For many poor families in Hancock County in that era, death from cold was a real possibility. “There was two or three women that froze to death right up here on top of this ridge,” Stewart said. “I remember like it was yesterday, when a woman and her two children froze to death. She lived in a little log house and had no bedcovers and no way to get wood for a fire. It come a real cold spell, and they just froze to death.”
Since so many people found and prepared their own foods, built and maintained their own homes and furniture, made their own clothes and had no electricity, idleness and leisure simply weren’t part of culture. Almost all social gatherings had to be structured around a task such as a corn-shucking or a cabin-building. Perhaps the best indicator of this is something Stewart recalled about his grandmother. “What a working woman she was,” he said. “She would never stop. You would never catch her idle. If you wanted to talk with her, she’d get her chair and her knitting or something and set down and knit as hard as she could. She’d be setting there seeding cotton or carding wool or doing something.”

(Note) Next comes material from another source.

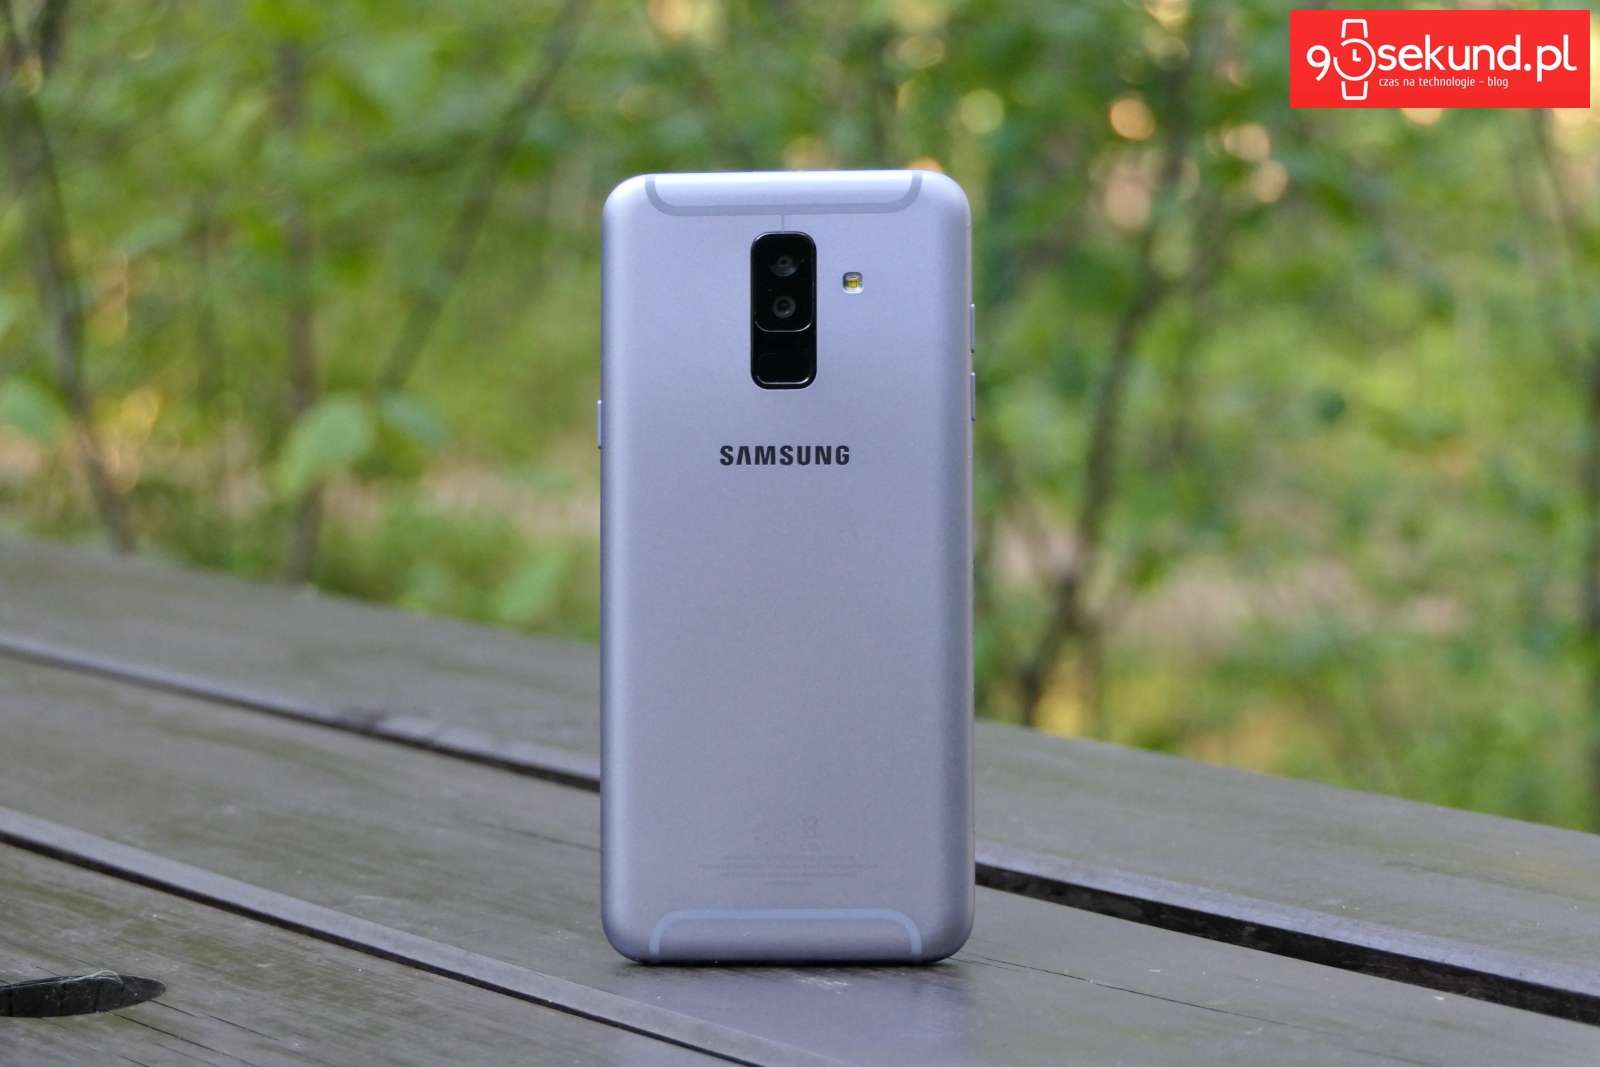 Recenzja Samsung Galaxy A6+ - 90sekund.pl - Michał Brożyński

In the early 1900s, when many people were buried in that part of Tennessee, “somebody would just pick up a rock and set it up (to mark the grave). They never thought of having any lettering cut on it. Ole Lou Trent was the first man I knowed of who had what you’d call a regular tombstone. They put up a rock at his grave and it had his name, his date of birth and all. Why, a lot of people would come down there just to look at that tombstone. They’d never seen one before.” This observation reminds us why we simply do not know where many Tennesseans were buried.
As the best-known cooper in the county, Stewart was often called upon to make coffins, a sad task that sometimes left indelible memories. “They was a Maxey boy come up to my place one time to get me to make a coffin for his twin babies,” Stewart recalled. “We went and got the lumber and I made an awful nice coffin. I made it wide at the shoulder and barely sloped it toward the feet. Made it look real good. I lined the outside with black cloth, and the inside with white cloth, and I got two cotton pillows for it. I’ve thought about that a lot — how them two twin babies looked laying there in that coffin side by side.”
Finally, in spite of what people want to believe, the traditions we now associate with Christmas were not part of the culture that Stewart experienced as a child. “The first Christmas tree ever I knowed of was put up by the Presbyterians who had come in here and built a church house down on Blackwater,” Stewart said. “I’s about 10 years old, and nobody had never seen such before.” And as for presents? “The first present I ever remember Pap getting us for Christmas was a little candy and an orange … I saved that candy and took a little bite off it every once in a while. I don’t know how long it lasted me. And they didn’t have no decorations along back then. That come in later on.”
Alex Stewart died in 1985. Many of those who visit the Museum of Appalachia today regard some of the amazing wooden tools, furniture and toys as his main gift to the world.
I see him differently. The anecdotes, stories and wisdom of Alex Stewart should make us all realize how lucky we have it. To me, that’s a pretty great Christmas gift.